[[ Data for processing open ]]

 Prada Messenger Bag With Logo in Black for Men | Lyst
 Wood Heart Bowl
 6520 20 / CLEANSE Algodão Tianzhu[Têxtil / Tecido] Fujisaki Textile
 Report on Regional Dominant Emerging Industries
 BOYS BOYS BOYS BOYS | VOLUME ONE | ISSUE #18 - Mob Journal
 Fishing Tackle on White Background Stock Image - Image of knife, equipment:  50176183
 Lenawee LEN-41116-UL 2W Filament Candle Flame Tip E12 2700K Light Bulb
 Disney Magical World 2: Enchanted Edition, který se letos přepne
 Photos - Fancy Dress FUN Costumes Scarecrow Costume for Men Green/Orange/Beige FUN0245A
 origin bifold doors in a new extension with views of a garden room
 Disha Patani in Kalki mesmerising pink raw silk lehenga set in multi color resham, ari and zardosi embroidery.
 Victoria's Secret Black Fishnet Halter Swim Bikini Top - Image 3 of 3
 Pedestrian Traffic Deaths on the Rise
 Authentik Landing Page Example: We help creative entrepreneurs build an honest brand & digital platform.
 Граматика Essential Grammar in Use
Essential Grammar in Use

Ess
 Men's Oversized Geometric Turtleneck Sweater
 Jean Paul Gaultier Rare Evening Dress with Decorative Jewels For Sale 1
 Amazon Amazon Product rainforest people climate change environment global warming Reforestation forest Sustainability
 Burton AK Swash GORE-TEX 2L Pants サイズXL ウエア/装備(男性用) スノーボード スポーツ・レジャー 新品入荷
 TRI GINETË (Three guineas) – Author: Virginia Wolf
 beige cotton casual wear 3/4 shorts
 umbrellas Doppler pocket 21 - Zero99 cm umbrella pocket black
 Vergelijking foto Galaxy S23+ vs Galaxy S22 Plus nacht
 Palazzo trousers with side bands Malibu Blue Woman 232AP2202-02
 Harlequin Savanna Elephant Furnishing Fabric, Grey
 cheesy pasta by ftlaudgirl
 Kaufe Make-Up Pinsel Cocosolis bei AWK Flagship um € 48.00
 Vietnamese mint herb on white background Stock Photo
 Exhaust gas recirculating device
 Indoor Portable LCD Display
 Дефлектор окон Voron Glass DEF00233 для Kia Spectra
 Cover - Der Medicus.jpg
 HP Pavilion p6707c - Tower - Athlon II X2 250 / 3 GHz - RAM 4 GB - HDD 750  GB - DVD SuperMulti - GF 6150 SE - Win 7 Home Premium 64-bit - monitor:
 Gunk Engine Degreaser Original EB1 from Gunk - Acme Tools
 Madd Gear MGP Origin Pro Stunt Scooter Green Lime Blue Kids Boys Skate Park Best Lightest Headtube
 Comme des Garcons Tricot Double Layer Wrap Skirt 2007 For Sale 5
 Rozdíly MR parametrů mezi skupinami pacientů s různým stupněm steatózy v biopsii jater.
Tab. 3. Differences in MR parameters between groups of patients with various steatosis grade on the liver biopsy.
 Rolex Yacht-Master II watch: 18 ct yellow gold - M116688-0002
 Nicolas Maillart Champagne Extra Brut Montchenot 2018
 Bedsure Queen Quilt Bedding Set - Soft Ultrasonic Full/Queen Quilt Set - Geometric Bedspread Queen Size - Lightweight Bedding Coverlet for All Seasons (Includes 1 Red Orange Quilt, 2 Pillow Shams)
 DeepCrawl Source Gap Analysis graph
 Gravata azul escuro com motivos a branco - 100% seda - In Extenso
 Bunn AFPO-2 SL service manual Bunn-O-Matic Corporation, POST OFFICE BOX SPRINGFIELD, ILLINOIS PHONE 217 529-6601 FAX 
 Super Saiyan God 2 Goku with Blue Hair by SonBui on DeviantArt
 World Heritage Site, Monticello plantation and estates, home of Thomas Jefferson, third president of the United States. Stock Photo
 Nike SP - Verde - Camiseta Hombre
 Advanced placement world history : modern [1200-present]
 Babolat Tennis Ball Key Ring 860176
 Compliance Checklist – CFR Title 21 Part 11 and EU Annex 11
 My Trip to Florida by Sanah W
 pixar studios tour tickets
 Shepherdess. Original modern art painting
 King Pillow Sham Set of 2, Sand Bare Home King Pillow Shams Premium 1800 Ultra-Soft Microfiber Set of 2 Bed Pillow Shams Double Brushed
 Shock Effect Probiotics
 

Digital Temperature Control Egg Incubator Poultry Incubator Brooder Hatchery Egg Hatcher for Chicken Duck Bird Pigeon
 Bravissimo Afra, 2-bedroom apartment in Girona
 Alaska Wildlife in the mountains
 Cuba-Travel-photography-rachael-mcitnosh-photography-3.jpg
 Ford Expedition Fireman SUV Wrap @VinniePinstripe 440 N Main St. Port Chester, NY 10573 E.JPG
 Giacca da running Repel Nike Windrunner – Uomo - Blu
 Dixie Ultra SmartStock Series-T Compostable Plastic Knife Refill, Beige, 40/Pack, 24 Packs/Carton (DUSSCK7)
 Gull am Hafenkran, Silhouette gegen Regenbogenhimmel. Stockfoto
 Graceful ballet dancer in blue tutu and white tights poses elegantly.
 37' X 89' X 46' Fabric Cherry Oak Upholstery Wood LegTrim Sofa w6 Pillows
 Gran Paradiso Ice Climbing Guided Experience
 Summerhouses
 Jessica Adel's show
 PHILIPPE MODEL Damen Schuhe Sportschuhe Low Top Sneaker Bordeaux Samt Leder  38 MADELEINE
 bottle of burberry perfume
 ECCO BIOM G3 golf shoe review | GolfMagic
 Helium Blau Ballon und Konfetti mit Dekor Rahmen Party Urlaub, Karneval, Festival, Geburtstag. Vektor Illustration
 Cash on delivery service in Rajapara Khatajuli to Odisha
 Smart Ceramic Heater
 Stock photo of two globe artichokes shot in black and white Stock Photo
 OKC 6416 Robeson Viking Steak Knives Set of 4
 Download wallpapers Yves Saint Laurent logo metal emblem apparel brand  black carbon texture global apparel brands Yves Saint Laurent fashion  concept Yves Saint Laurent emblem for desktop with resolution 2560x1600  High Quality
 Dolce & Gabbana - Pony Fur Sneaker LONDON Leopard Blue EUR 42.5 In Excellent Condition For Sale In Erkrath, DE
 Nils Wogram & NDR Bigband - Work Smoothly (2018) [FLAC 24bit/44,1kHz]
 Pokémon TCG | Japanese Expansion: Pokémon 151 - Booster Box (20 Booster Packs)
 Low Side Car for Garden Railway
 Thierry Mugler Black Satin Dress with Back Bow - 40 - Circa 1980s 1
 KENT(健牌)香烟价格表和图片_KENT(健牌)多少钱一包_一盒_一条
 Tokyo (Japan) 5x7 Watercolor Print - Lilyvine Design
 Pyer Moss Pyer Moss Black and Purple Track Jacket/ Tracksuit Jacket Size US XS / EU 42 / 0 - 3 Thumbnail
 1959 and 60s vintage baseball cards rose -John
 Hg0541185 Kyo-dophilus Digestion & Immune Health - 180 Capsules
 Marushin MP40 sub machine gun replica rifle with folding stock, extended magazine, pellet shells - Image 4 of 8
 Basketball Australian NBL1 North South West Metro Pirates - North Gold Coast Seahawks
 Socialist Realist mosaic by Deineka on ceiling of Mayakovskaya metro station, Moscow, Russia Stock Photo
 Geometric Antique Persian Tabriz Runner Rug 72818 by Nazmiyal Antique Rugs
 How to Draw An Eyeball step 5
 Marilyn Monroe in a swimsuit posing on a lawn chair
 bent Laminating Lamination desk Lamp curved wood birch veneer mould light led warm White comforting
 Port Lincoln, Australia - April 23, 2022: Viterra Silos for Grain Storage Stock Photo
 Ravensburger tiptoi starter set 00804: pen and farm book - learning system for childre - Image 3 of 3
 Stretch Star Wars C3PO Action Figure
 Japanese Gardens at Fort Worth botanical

[[ Data for processing closed ]]

Line by line, retype the data exactly as written.

* **Solution to this task**
 Prada Messenger Bag With Logo in Black for Men | Lyst
 Wood Heart Bowl
 6520 20 / CLEANSE Algodão Tianzhu[Têxtil / Tecido] Fujisaki Textile
 Report on Regional Dominant Emerging Industries
 BOYS BOYS BOYS BOYS | VOLUME ONE | ISSUE #18 - Mob Journal
 Fishing Tackle on White Background Stock Image - Image of knife, equipment:  50176183
 Lenawee LEN-41116-UL 2W Filament Candle Flame Tip E12 2700K Light Bulb
 Disney Magical World 2: Enchanted Edition, který se letos přepne
 Photos - Fancy Dress FUN Costumes Scarecrow Costume for Men Green/Orange/Beige FUN0245A
 origin bifold doors in a new extension with views of a garden room
 Disha Patani in Kalki mesmerising pink raw silk lehenga set in multi color resham, ari and zardosi embroidery.
 Victoria's Secret Black Fishnet Halter Swim Bikini Top - Image 3 of 3
 Pedestrian Traffic Deaths on the Rise
 Authentik Landing Page Example: We help creative entrepreneurs build an honest brand & digital platform.
 Граматика Essential Grammar in Use
Essential Grammar in Use

Ess
 Men's Oversized Geometric Turtleneck Sweater
 Jean Paul Gaultier Rare Evening Dress with Decorative Jewels For Sale 1
 Amazon Amazon Product rainforest people climate change environment global warming Reforestation forest Sustainability
 Burton AK Swash GORE-TEX 2L Pants サイズXL ウエア/装備(男性用) スノーボード スポーツ・レジャー 新品入荷
 TRI GINETË (Three guineas) – Author: Virginia Wolf
 beige cotton casual wear 3/4 shorts
 umbrellas Doppler pocket 21 - Zero99 cm umbrella pocket black
 Vergelijking foto Galaxy S23+ vs Galaxy S22 Plus nacht
 Palazzo trousers with side bands Malibu Blue Woman 232AP2202-02
 Harlequin Savanna Elephant Furnishing Fabric, Grey
 cheesy pasta by ftlaudgirl
 Kaufe Make-Up Pinsel Cocosolis bei AWK Flagship um € 48.00
 Vietnamese mint herb on white background Stock Photo
 Exhaust gas recirculating device
 Indoor Portable LCD Display
 Дефлектор окон Voron Glass DEF00233 для Kia Spectra
 Cover - Der Medicus.jpg
 HP Pavilion p6707c - Tower - Athlon II X2 250 / 3 GHz - RAM 4 GB - HDD 750  GB - DVD SuperMulti - GF 6150 SE - Win 7 Home Premium 64-bit - monitor:
 Gunk Engine Degreaser Original EB1 from Gunk - Acme Tools
 Madd Gear MGP Origin Pro Stunt Scooter Green Lime Blue Kids Boys Skate Park Best Lightest Headtube
 Comme des Garcons Tricot Double Layer Wrap Skirt 2007 For Sale 5
 Rozdíly MR parametrů mezi skupinami pacientů s různým stupněm steatózy v biopsii jater.
Tab. 3. Differences in MR parameters between groups of patients with various steatosis grade on the liver biopsy.
 Rolex Yacht-Master II watch: 18 ct yellow gold - M116688-0002
 Nicolas Maillart Champagne Extra Brut Montchenot 2018
 Bedsure Queen Quilt Bedding Set - Soft Ultrasonic Full/Queen Quilt Set - Geometric Bedspread Queen Size - Lightweight Bedding Coverlet for All Seasons (Includes 1 Red Orange Quilt, 2 Pillow Shams)
 DeepCrawl Source Gap Analysis graph
 Gravata azul escuro com motivos a branco - 100% seda - In Extenso
 Bunn AFPO-2 SL service manual Bunn-O-Matic Corporation, POST OFFICE BOX SPRINGFIELD, ILLINOIS PHONE 217 529-6601 FAX 
 Super Saiyan God 2 Goku with Blue Hair by SonBui on DeviantArt
 World Heritage Site, Monticello plantation and estates, home of Thomas Jefferson, third president of the United States. Stock Photo
 Nike SP - Verde - Camiseta Hombre
 Advanced placement world history : modern [1200-present]
 Babolat Tennis Ball Key Ring 860176
 Compliance Checklist – CFR Title 21 Part 11 and EU Annex 11
 My Trip to Florida by Sanah W
 pixar studios tour tickets
 Shepherdess. Original modern art painting
 King Pillow Sham Set of 2, Sand Bare Home King Pillow Shams Premium 1800 Ultra-Soft Microfiber Set of 2 Bed Pillow Shams Double Brushed
 Shock Effect Probiotics
 

Digital Temperature Control Egg Incubator Poultry Incubator Brooder Hatchery Egg Hatcher for Chicken Duck Bird Pigeon
 Bravissimo Afra, 2-bedroom apartment in Girona
 Alaska Wildlife in the mountains
 Cuba-Travel-photography-rachael-mcitnosh-photography-3.jpg
 Ford Expedition Fireman SUV Wrap @VinniePinstripe 440 N Main St. Port Chester, NY 10573 E.JPG
 Giacca da running Repel Nike Windrunner – Uomo - Blu
 Dixie Ultra SmartStock Series-T Compostable Plastic Knife Refill, Beige, 40/Pack, 24 Packs/Carton (DUSSCK7)
 Gull am Hafenkran, Silhouette gegen Regenbogenhimmel. Stockfoto
 Graceful ballet dancer in blue tutu and white tights poses elegantly.
 37' X 89' X 46' Fabric Cherry Oak Upholstery Wood LegTrim Sofa w6 Pillows
 Gran Paradiso Ice Climbing Guided Experience
 Summerhouses
 Jessica Adel's show
 PHILIPPE MODEL Damen Schuhe Sportschuhe Low Top Sneaker Bordeaux Samt Leder  38 MADELEINE
 bottle of burberry perfume
 ECCO BIOM G3 golf shoe review | GolfMagic
 Helium Blau Ballon und Konfetti mit Dekor Rahmen Party Urlaub, Karneval, Festival, Geburtstag. Vektor Illustration
 Cash on delivery service in Rajapara Khatajuli to Odisha
 Smart Ceramic Heater
 Stock photo of two globe artichokes shot in black and white Stock Photo
 OKC 6416 Robeson Viking Steak Knives Set of 4
 Download wallpapers Yves Saint Laurent logo metal emblem apparel brand  black carbon texture global apparel brands Yves Saint Laurent fashion  concept Yves Saint Laurent emblem for desktop with resolution 2560x1600  High Quality
 Dolce & Gabbana - Pony Fur Sneaker LONDON Leopard Blue EUR 42.5 In Excellent Condition For Sale In Erkrath, DE
 Nils Wogram & NDR Bigband - Work Smoothly (2018) [FLAC 24bit/44,1kHz]
 Pokémon TCG | Japanese Expansion: Pokémon 151 - Booster Box (20 Booster Packs)
 Low Side Car for Garden Railway
 Thierry Mugler Black Satin Dress with Back Bow - 40 - Circa 1980s 1
 KENT(健牌)香烟价格表和图片_KENT(健牌)多少钱一包_一盒_一条
 Tokyo (Japan) 5x7 Watercolor Print - Lilyvine Design
 Pyer Moss Pyer Moss Black and Purple Track Jacket/ Tracksuit Jacket Size US XS / EU 42 / 0 - 3 Thumbnail
 1959 and 60s vintage baseball cards rose -John
 Hg0541185 Kyo-dophilus Digestion & Immune Health - 180 Capsules
 Marushin MP40 sub machine gun replica rifle with folding stock, extended magazine, pellet shells - Image 4 of 8
 Basketball Australian NBL1 North South West Metro Pirates - North Gold Coast Seahawks
 Socialist Realist mosaic by Deineka on ceiling of Mayakovskaya metro station, Moscow, Russia Stock Photo
 Geometric Antique Persian Tabriz Runner Rug 72818 by Nazmiyal Antique Rugs
 How to Draw An Eyeball step 5
 Marilyn Monroe in a swimsuit posing on a lawn chair
 bent Laminating Lamination desk Lamp curved wood birch veneer mould light led warm White comforting
 Port Lincoln, Australia - April 23, 2022: Viterra Silos for Grain Storage Stock Photo
 Ravensburger tiptoi starter set 00804: pen and farm book - learning system for childre - Image 3 of 3
 Stretch Star Wars C3PO Action Figure
 Japanese Gardens at Fort Worth botanical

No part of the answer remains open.